**RECORDS FOR THIS EXERCISE**
== Segment start ==

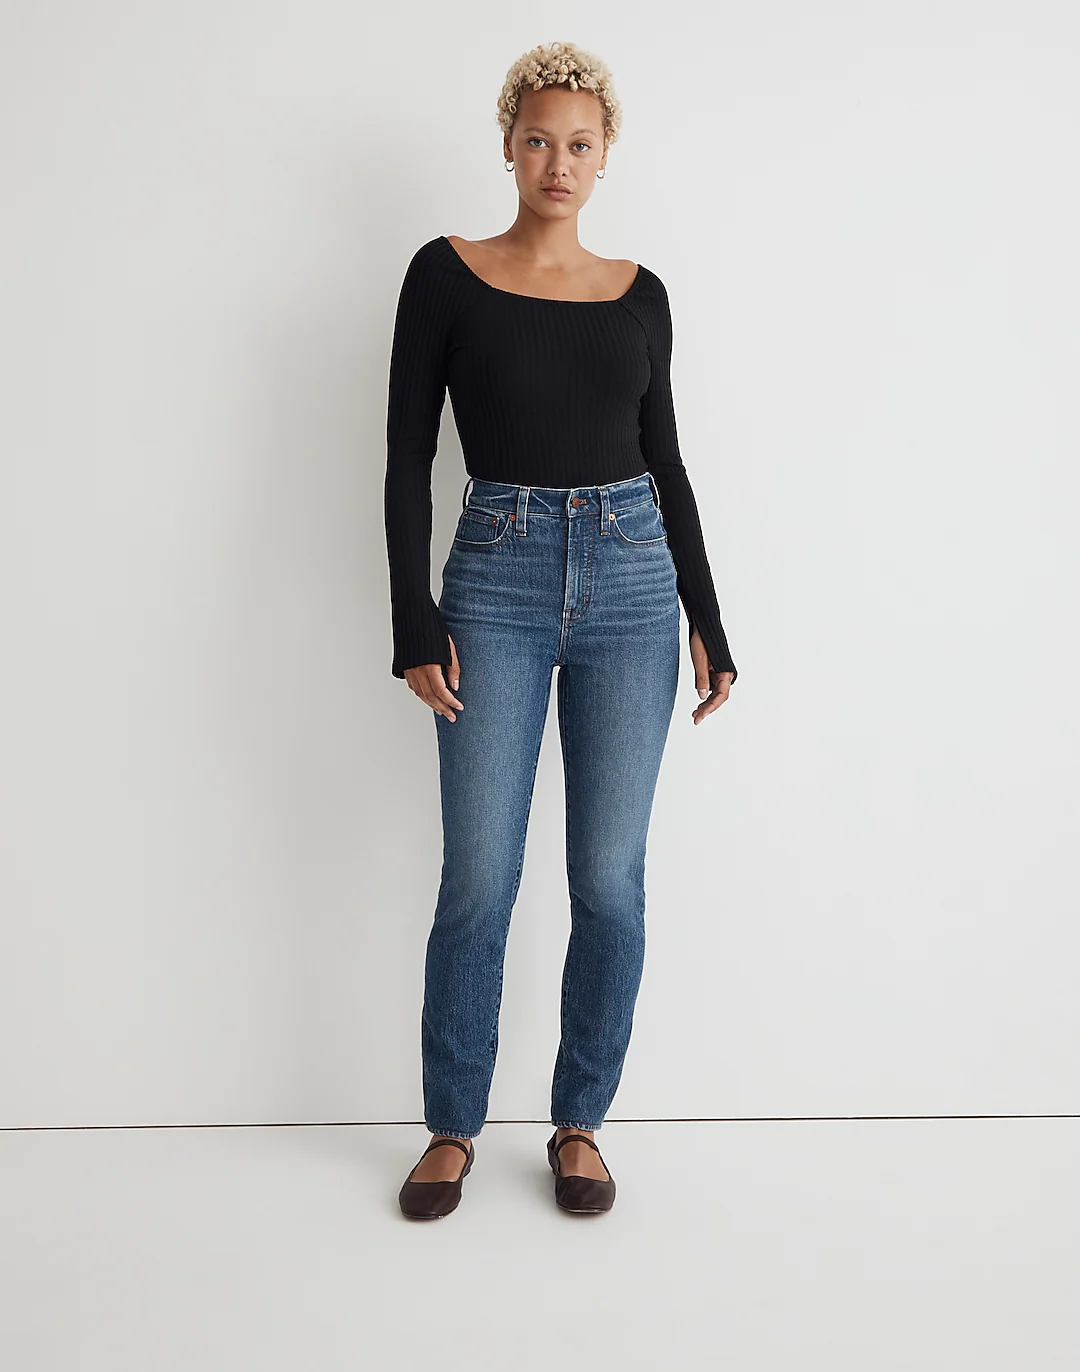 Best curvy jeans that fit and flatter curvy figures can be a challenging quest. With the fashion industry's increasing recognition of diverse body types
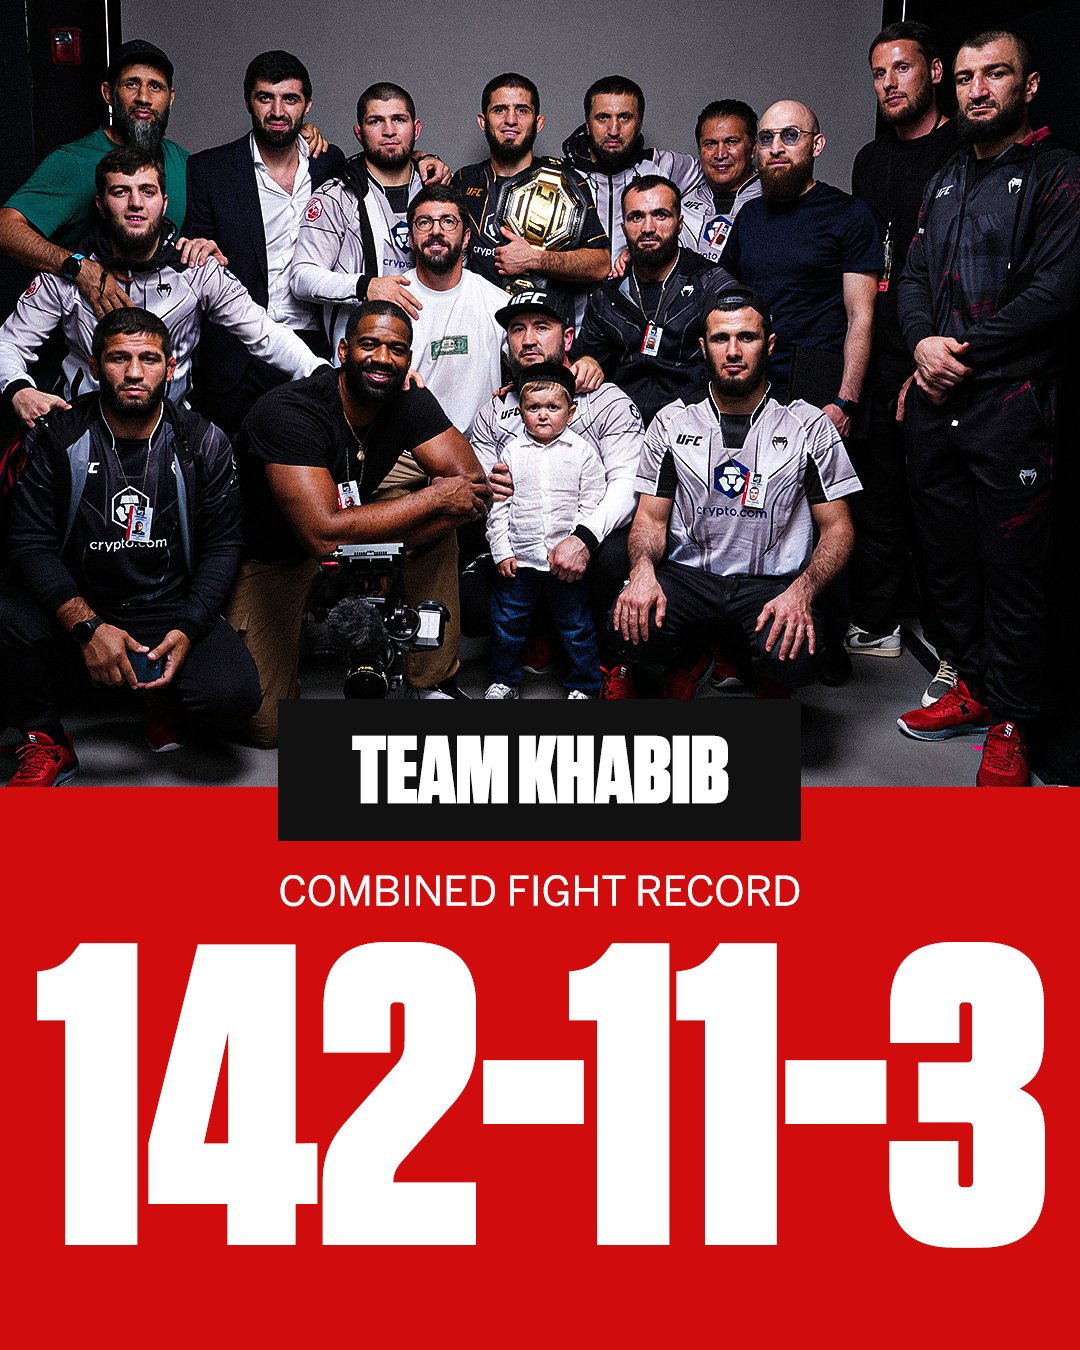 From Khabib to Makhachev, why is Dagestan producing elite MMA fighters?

== Segment end ==
== Segment start ==

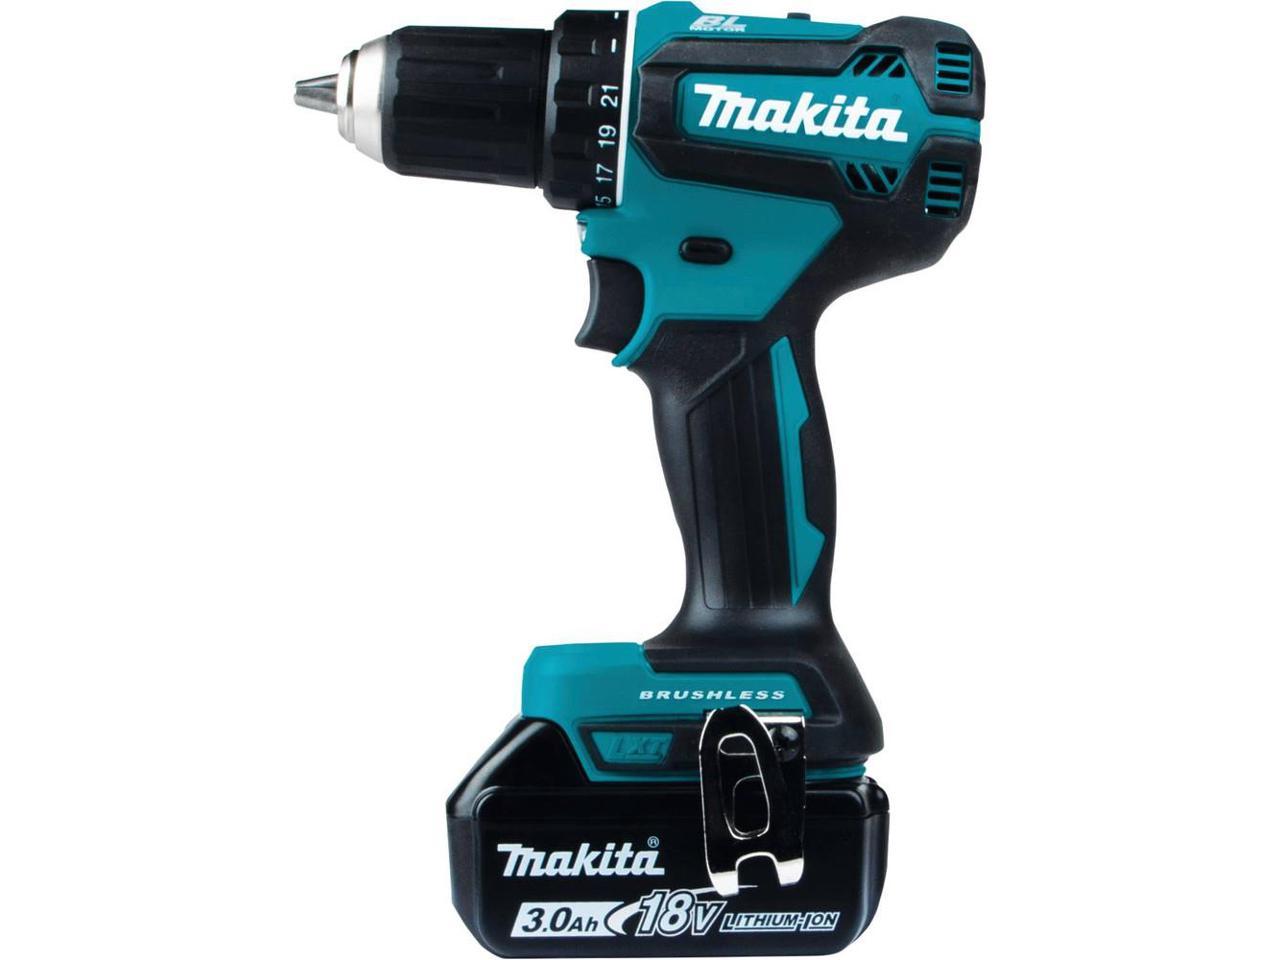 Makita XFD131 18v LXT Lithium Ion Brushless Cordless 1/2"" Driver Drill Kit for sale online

== Segment end ==

Starting from the line with "Best curvy jeans" in the records above, repeat each line exactly until you have written the line with "From Khabib to", then stop; drop the pictures.

**OUTPUT FOR THIS TASK**
 Best curvy jeans that fit and flatter curvy figures can be a challenging quest. With the fashion industry's increasing recognition of diverse body types
 From Khabib to Makhachev, why is Dagestan producing elite MMA fighters?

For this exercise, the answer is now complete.